And then, we confirmed in Monsanto what our “robbery suspect” hypothetical indicated: Even prior to conviction (or trial)—when the presumption of innocence still applies—the Government could constitutionally use §853(e) to freeze assets of an indicted defendant “based on a find-ing of probable cause to believe that the property will ultimately be proved forfeitable.” 491 U. S., at 615. In Monsanto, too, the defendant wanted to use the property at issue to pay a lawyer, and maintained that the Fifth and Sixth Amendments entitled him to do so. We dis-agreed. We first noted that the Government may sometimes “restrain persons where there is a finding of probable cause to believe that the accused has committed a serious offense.” Id., at 615–616. Given that power, we could find “no constitutional infirmity in §853(e)’s authorization of a similar restraint on [the defendant’s] property” in order to protect “the community’s interest” in recovering “ill-gotten gains.” Id., at 616. Nor did the defendant’s interest in retaining a lawyer with the disputed assets change the equation. Relying on Caplin & Drysdale, we reasoned: “[I]f the Government may, post-trial, forbid the use of forfeited assets to pay an attorney, then surely no constitutional violation occurs when, after probable cause is adequately established, the Government obtains an order barring a defendant from frustrating that end by dissipating his assets prior to trial.” Ibid. So again: With probable cause, a freeze is valid.
The Kaleys little dispute that proposition; their argument is instead about who should have the last word as to probable cause. A grand jury has already found probable cause to think that the Kaleys committed the offenses charged; that is why an indictment issued. No one doubts that those crimes are serious enough to trigger forfeiture. Similarly, no one contests that the assets in question derive from, or were used in committing, the offenses. See supra, at 5. The only question is whether the Kaleys are constitutionally entitled to a judicial re-determination of the conclusion the grand jury already reached: that probable cause supports this criminal prosecution (or alternatively put, that the prosecution is not “baseless,” as the Kaleys believe, supra, at 5). And that question, we think, has a ready answer, because a fundamental and historic commitment of our criminal justice system is to entrust those probable cause findings to grand juries.

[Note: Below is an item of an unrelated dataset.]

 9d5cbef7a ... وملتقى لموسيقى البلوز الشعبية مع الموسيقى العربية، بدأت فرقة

This Court has often recognized the grand jury’s singular role in finding the probable cause necessary to initiate a prosecution for a serious crime. See, e.g., Costello v. United States, 350 U. S. 359, 362 (1956) . “[A]n indictment ‘fair upon its face,’ and returned by a ‘properly constituted grand jury,’ ” we have explained, “conclusively determines the existence of probable cause” to believe the defendant perpetrated the offense alleged. Gerstein v. Pugh, 420 U. S. 103 , n. 19 (1975) (quoting Ex parte United States, 287 U. S. 241, 250 (1932) ). And “conclusively” has meant, case in and case out, just that. We have found no “authority for looking into and revising the judgment of the grand jury upon the evidence, for the purpose of determining whether or not the finding was founded upon sufficient proof.” Costello, 350 U. S., at 362–363 (quoting United States v. Reed, 27 F. Cas. 727, 738 (No. 16,134) (CC NDNY 1852) (Nelson, J.)). To the contrary, “the whole history of the grand jury institution” demonstrates that “a challenge to the reliability or competence of the evidence” supporting a grand jury’s finding of probable cause “will not be heard.” United States v. Williams, 504 U. S. 36, 54 (1992) (quoting Costello, 350 U. S., at 364, and Bank of Nova Scotia v. United States, 487 U. S. 250, 261 (1988) ). The grand jury gets to say—without any review, oversight, or second-guessing—whether probable cause exists to think that a person committed a crime.

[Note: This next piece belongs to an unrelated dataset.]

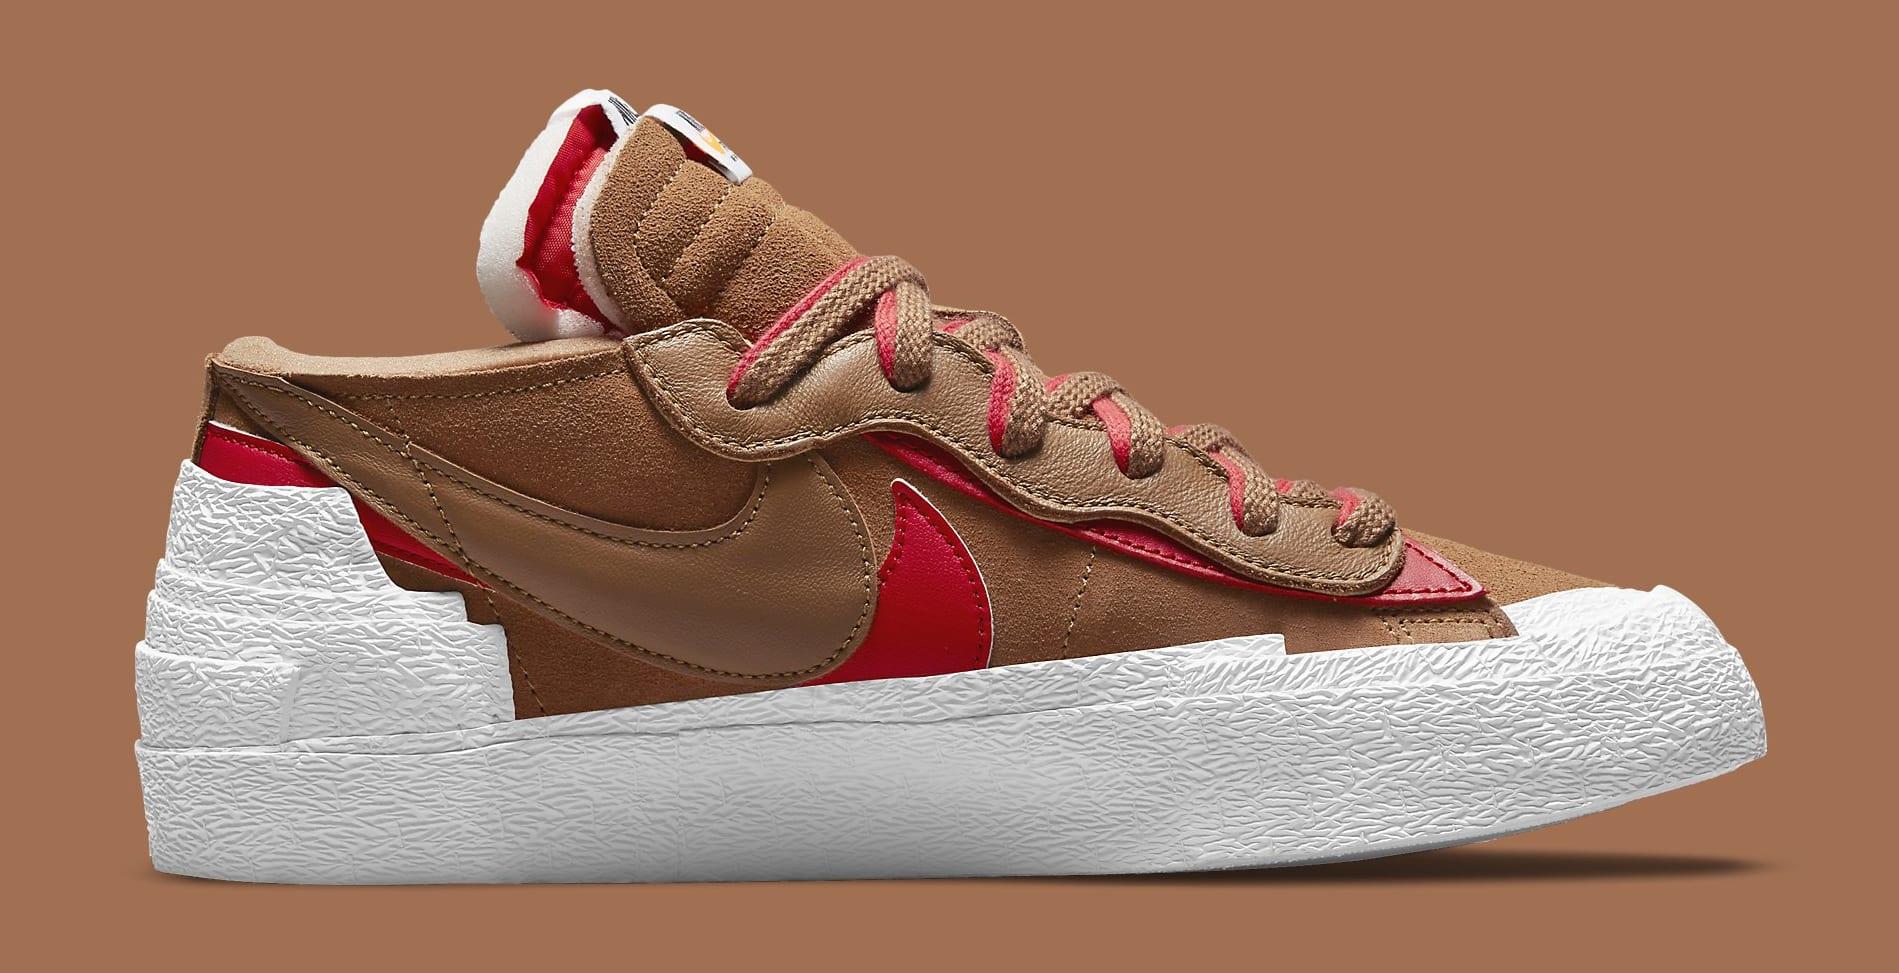 Sacai x Nike Blazer Low 'British Tan' DD1877-200 Medial

And that inviolable grand jury finding, we have decided, may do more than commence a criminal proceeding (with all the economic, reputational, and personal harm that entails); the determination may also serve the purpose of immediately depriving the accused of her freedom. If the person charged is not yet in custody, an indictment triggers “issuance of an arrest warrant without further inquiry” into the case’s strength. Gerstein, 420 U. S., at 117, n. 19; see Kalina v. Fletcher, 522 U. S. 118, 129 (1997) . Alternatively, if the person was arrested without a warrant, an indictment eliminates her Fourth Amendment right to a prompt judicial assessment of probable cause to support any detention. See Gerstein, 420 U. S., at 114, 117, n. 19. In either situation, this Court—relying on the grand jury’s “historical role of protecting individuals from unjust persecution”—has “let [that body’s] judgment substitute for that of a neutral and detached magistrate.” Ibid. The grand jury, all on its own, may effect a pre-trial restraint on a person’s liberty by finding probable cause to support a criminal charge.

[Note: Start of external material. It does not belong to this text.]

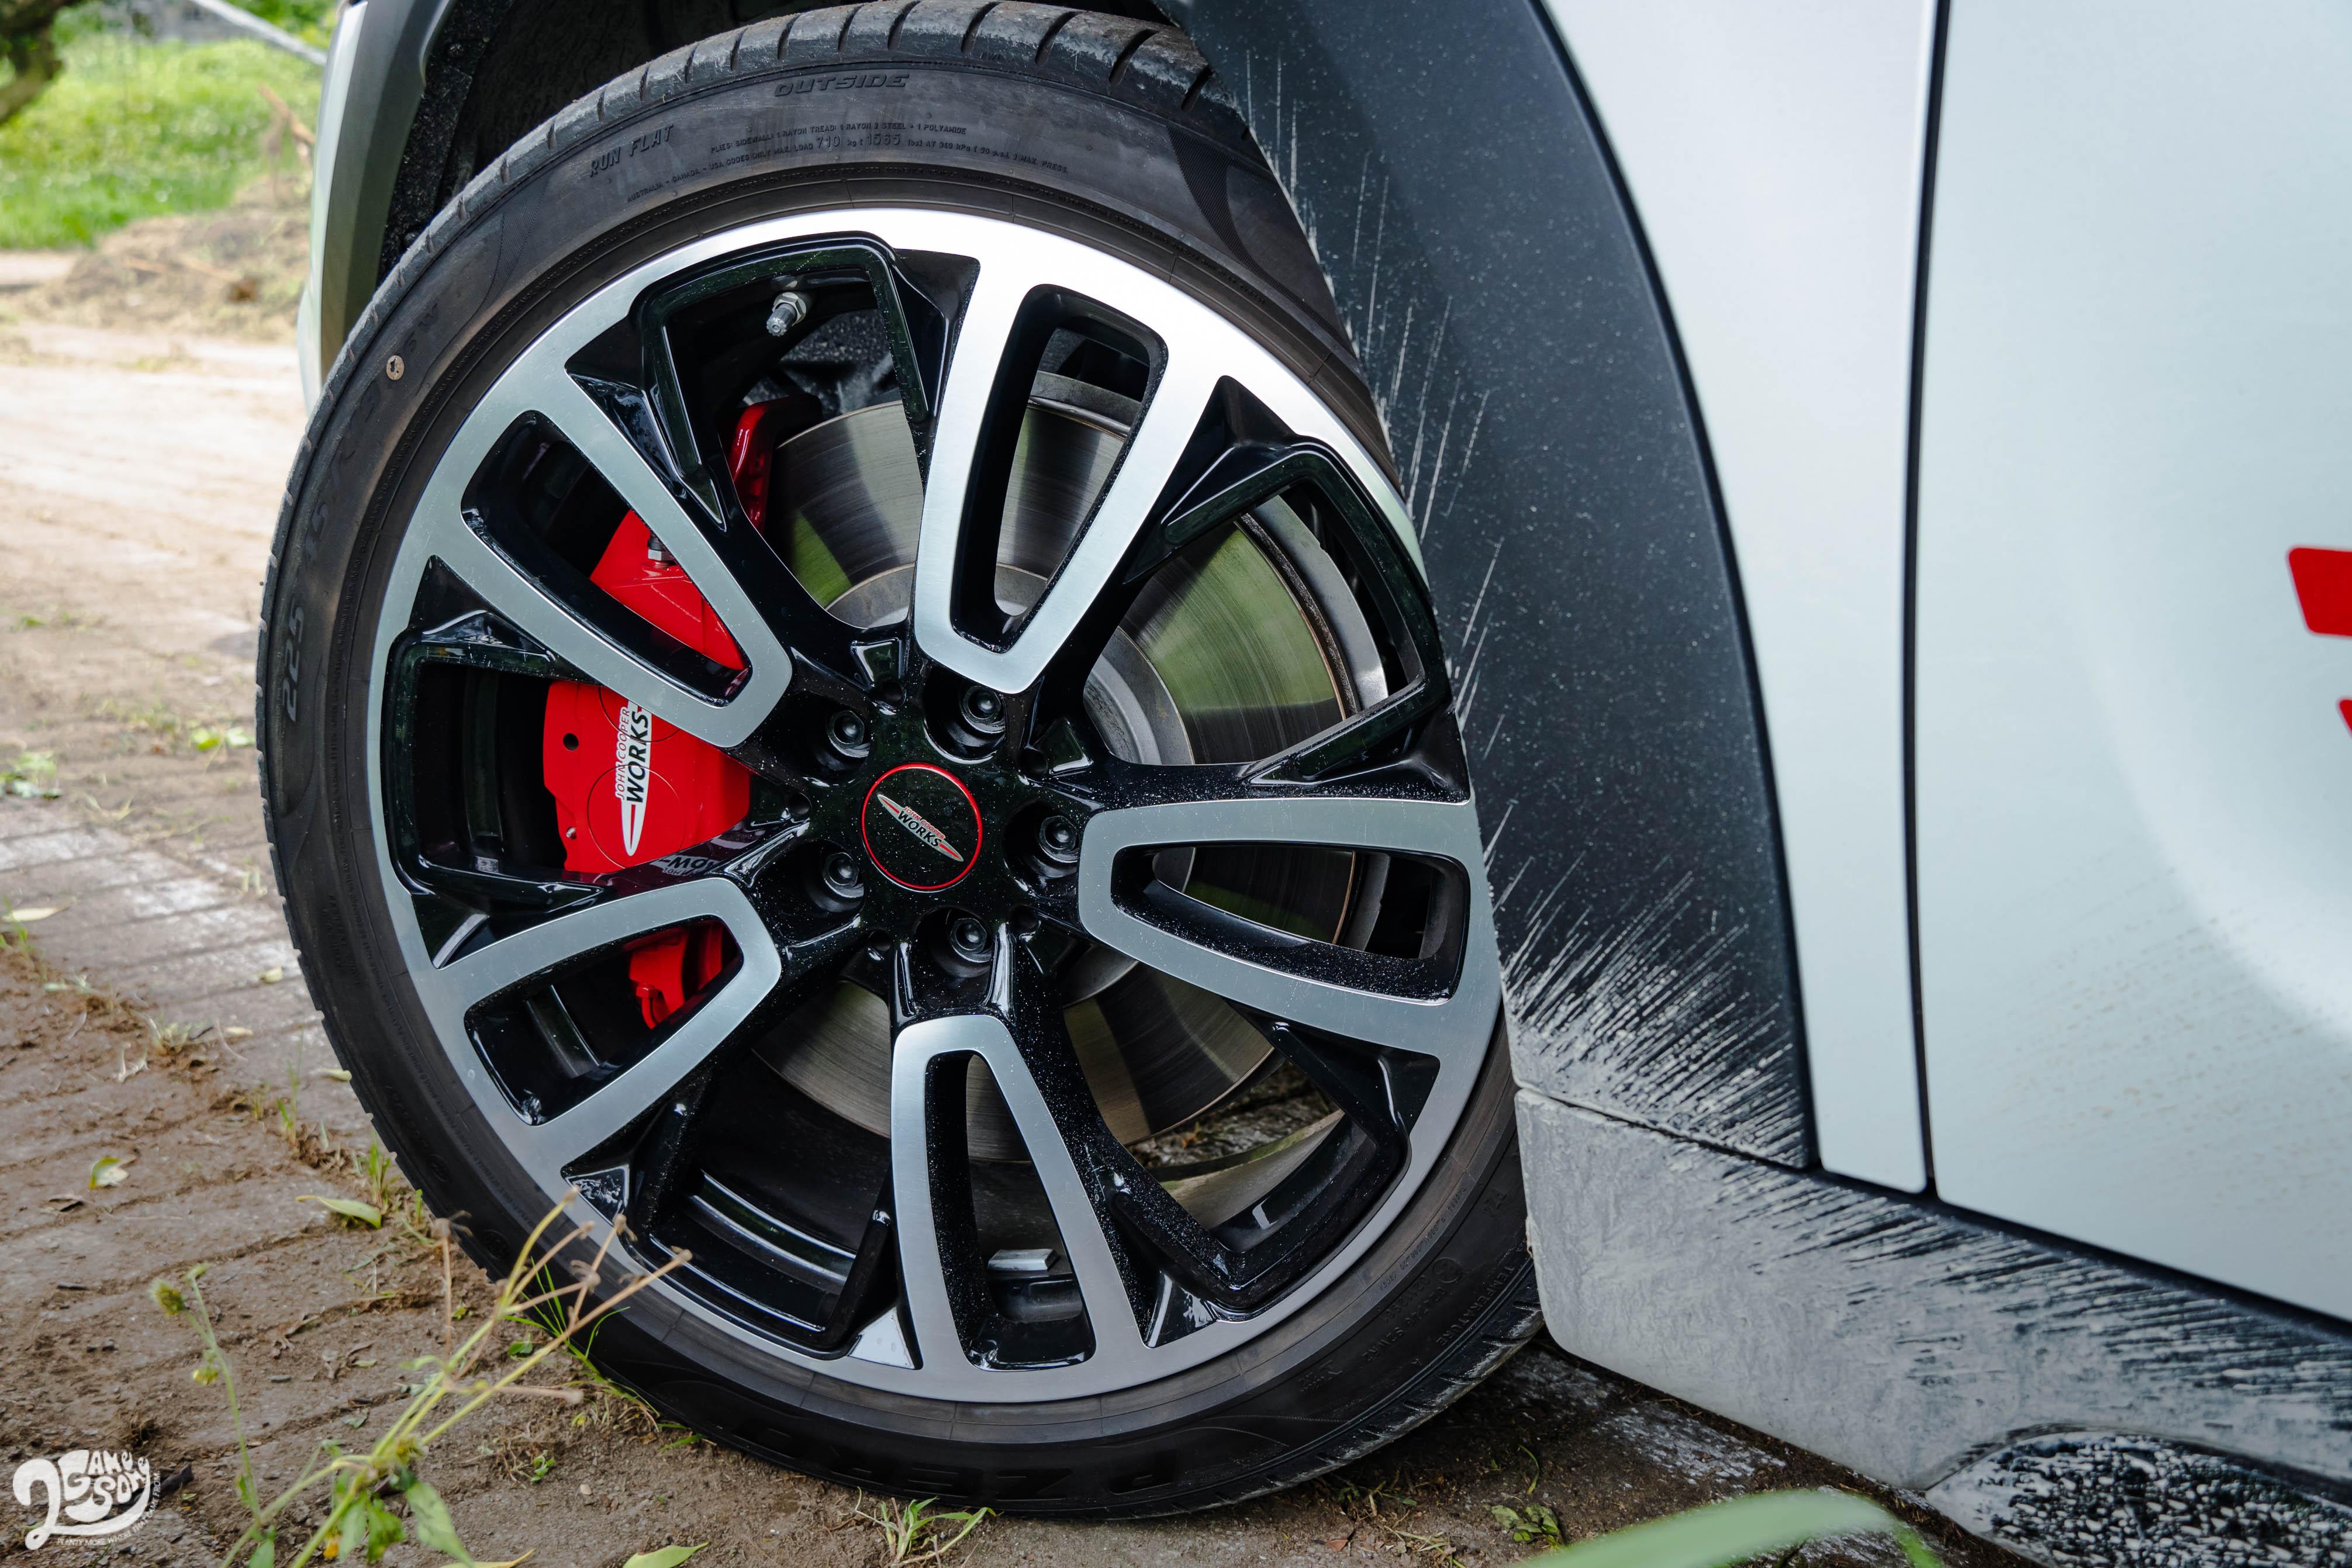 JCW Countryman 配備 19 吋輪圈,配胎為失壓續跑胎。

The same result follows when, as here, an infringement on the defendant’s property depends on a showing of probable cause that she committed a crime. If judicial review of the grand jury’s probable cause determination is not warranted (as we have so often held) to put a defendant on trial or place her in custody, then neither is it needed to freeze her property. The grand jury that is good enough—reliable enough, protective enough—to inflict those other grave consequences through its probable cause findings must needs be adequate to impose this one too. Indeed, Monsanto already noted the absence of any reason to hold property seizures to different rules: As described earlier, the Court partly based its adoption of the probable cause standard on the incongruity of subjecting an asset freeze to any stricter requirements than apply to an arrest or ensuing detention. See supra, at 6; 491 U. S., at 615 (“[I]t would be odd to conclude that the Government may not restrain property” on the showing often sufficient to “restrain persons”). By similar token, the probable cause standard, once selected, should work no differently for the single purpose of freezing assets than for all others. So the longstanding, unvarying rule of criminal procedure we have just described applies here as well: The grand jury’s determination is conclusive.
And indeed, the alternative rule the Kaleys seek would have strange and destructive consequences. The Kaleys here demand a do-over, except with a different referee. They wish a judge to decide anew the exact question the grand jury has already answered—whether there is probable cause to think the Kaleys committed the crimes charged. But suppose the judge performed that task and came to the opposite conclusion. Two inconsistent findings would then govern different aspects of one criminal proceeding: Probable cause would exist to bring the Kaleys to trial (and, if otherwise appropriate, hold them in prison), but not to restrain their property. And assuming the prosecutor continued to press the charges, the same judge who found probable cause lacking would preside over a trial premised on its presence. That legal dissonance, if sustainable at all, could not but undermine the criminal justice system’s integrity—and especially the grand jury’s integral, constitutionally prescribed role. For in this new world, every prosecution involving a pre-trial asset freeze would potentially pit the judge against the grand jury as to the case’s foundational issue.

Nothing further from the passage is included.